**Material provided**
== Segment start ==

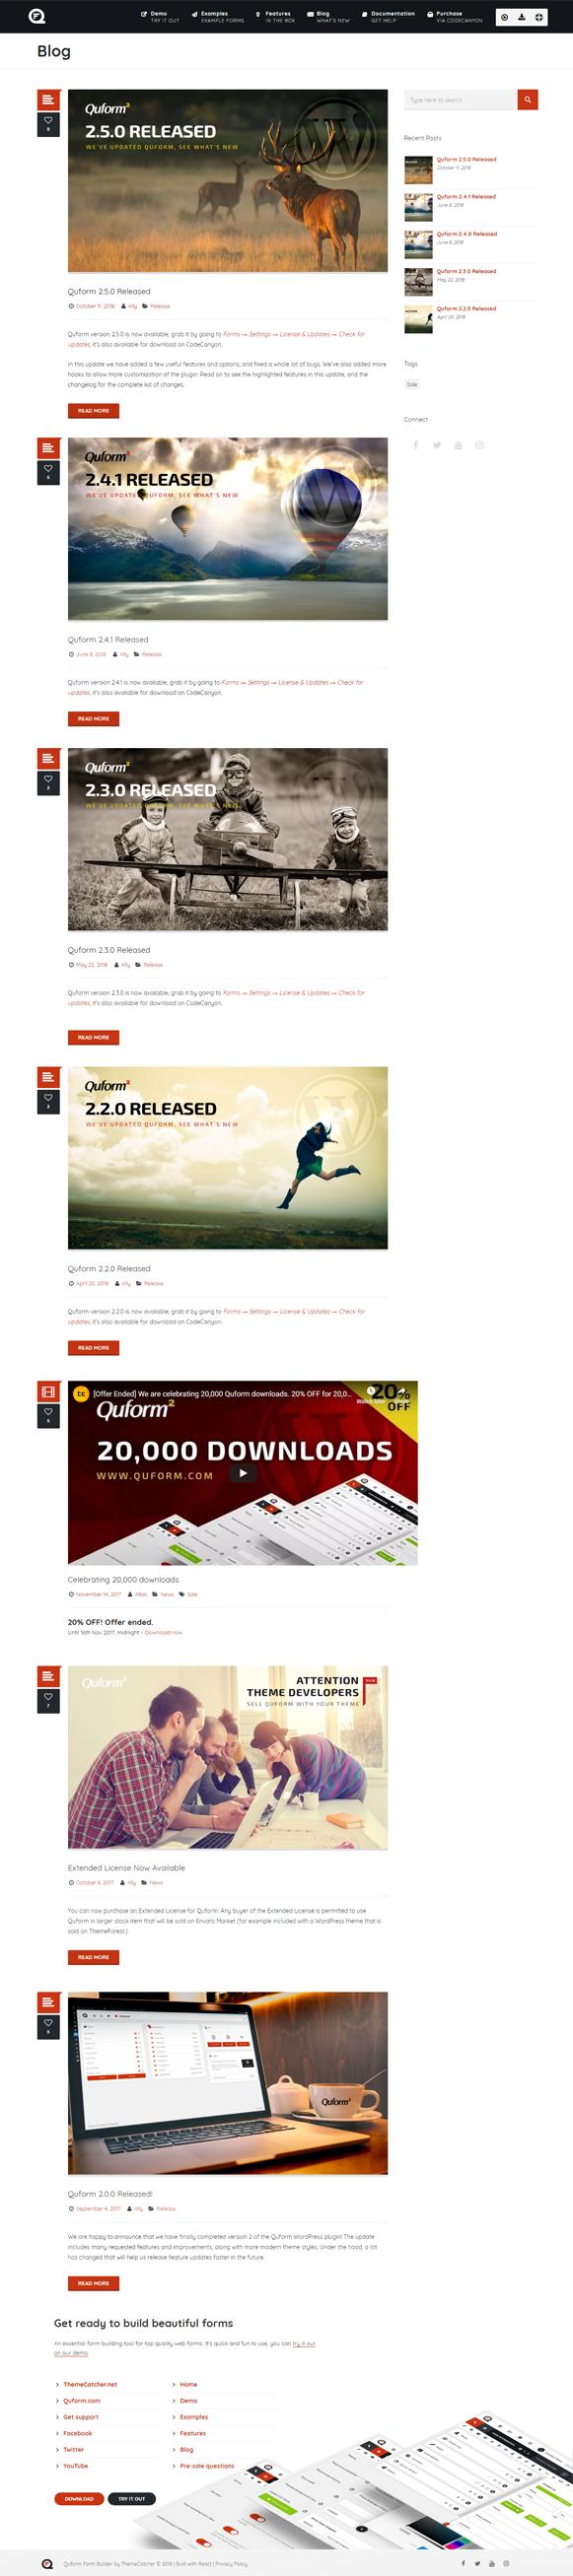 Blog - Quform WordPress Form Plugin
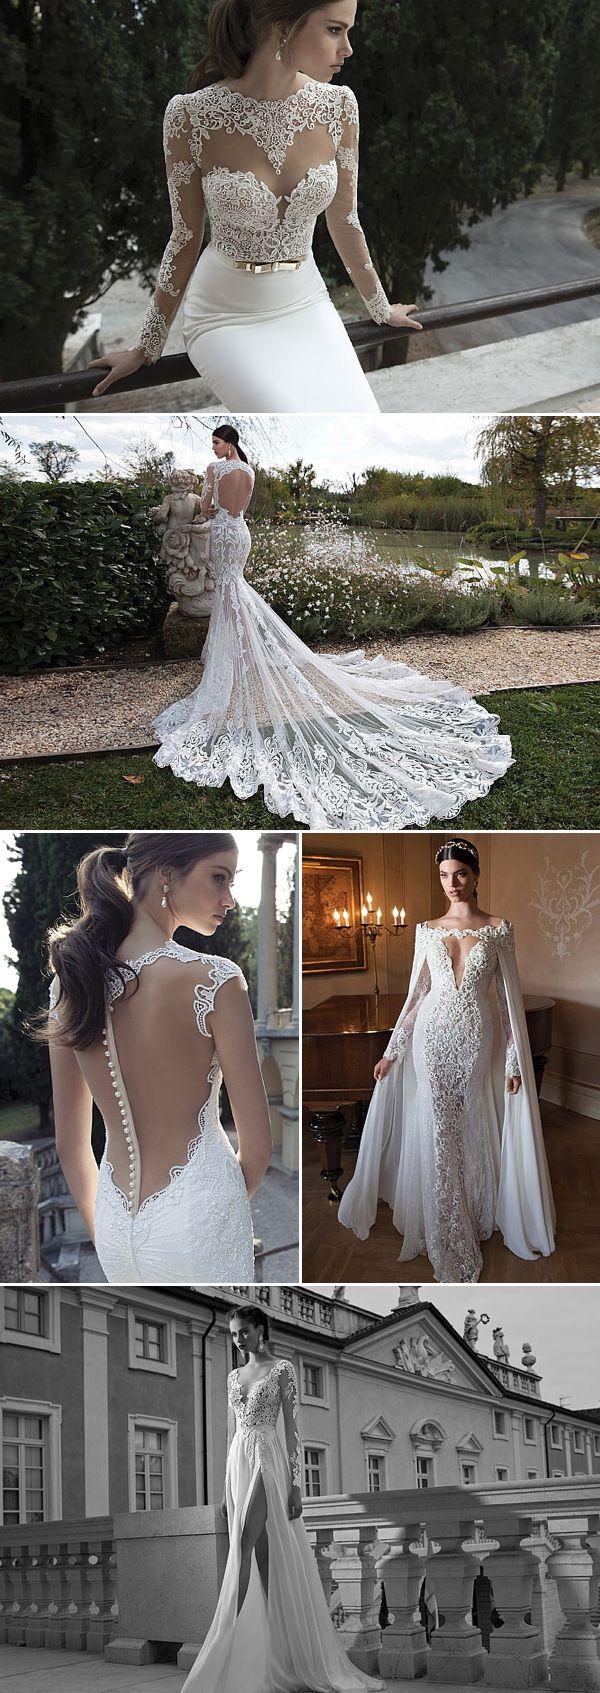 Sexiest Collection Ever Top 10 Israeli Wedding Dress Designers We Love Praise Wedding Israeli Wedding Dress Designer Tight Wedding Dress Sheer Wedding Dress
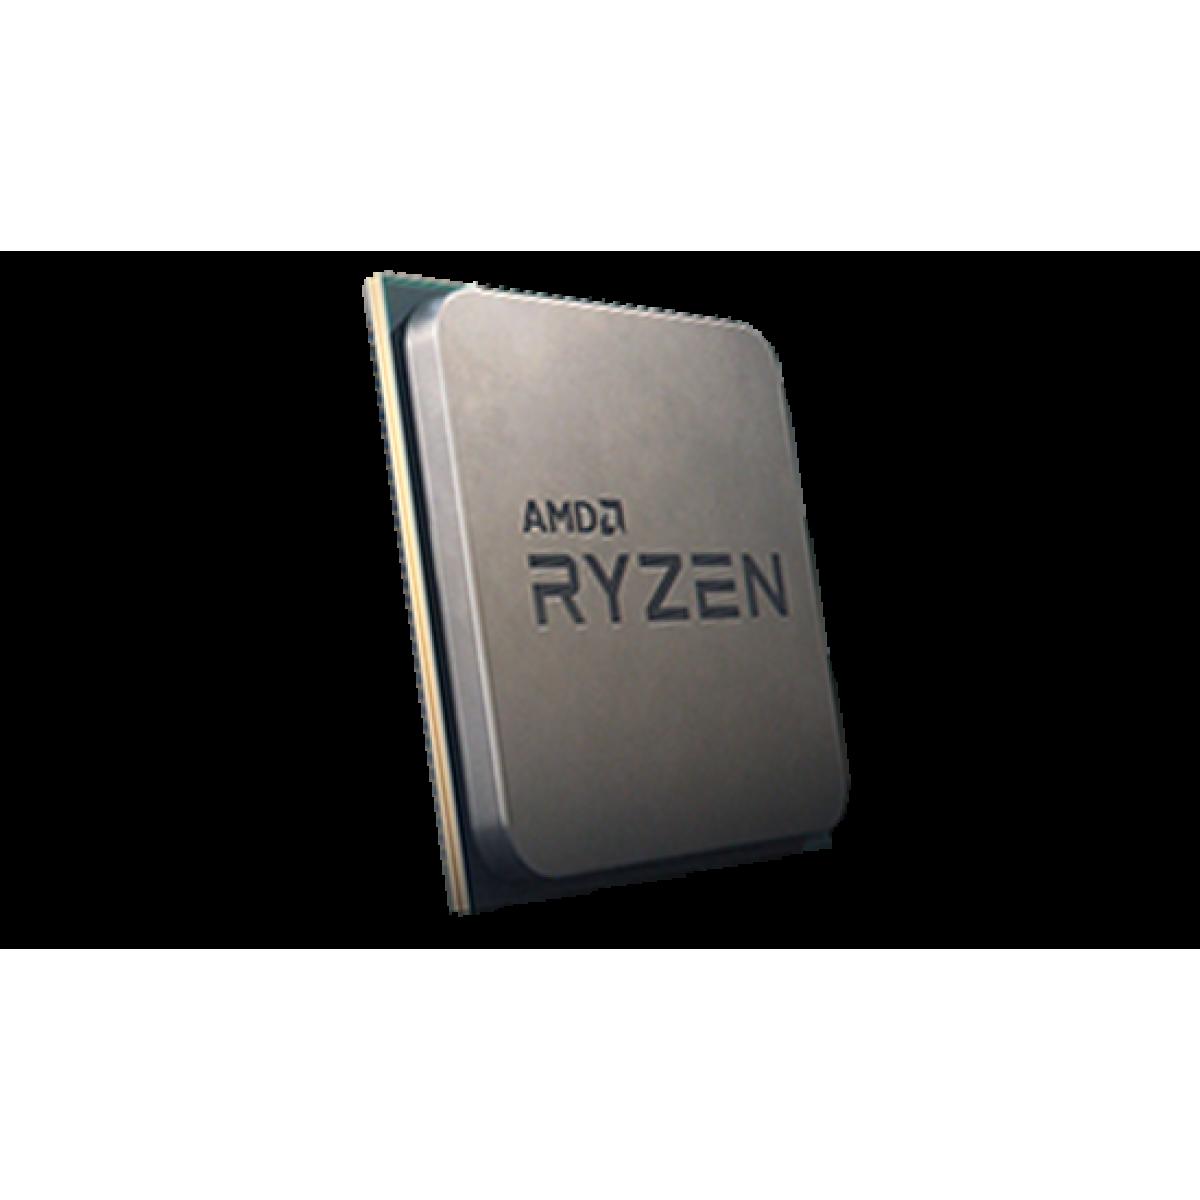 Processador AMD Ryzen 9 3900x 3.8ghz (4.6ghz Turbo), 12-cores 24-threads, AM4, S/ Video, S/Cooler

== Segment end ==

**Problem statement**
Repeat nothing but the lines from the one containing "Sexiest Collection Ever" through the last line of the listing, both included, exactly as written, and omit any picture.

**Written response**
 Sexiest Collection Ever Top 10 Israeli Wedding Dress Designers We Love Praise Wedding Israeli Wedding Dress Designer Tight Wedding Dress Sheer Wedding Dress
 Processador AMD Ryzen 9 3900x 3.8ghz (4.6ghz Turbo), 12-cores 24-threads, AM4, S/ Video, S/Cooler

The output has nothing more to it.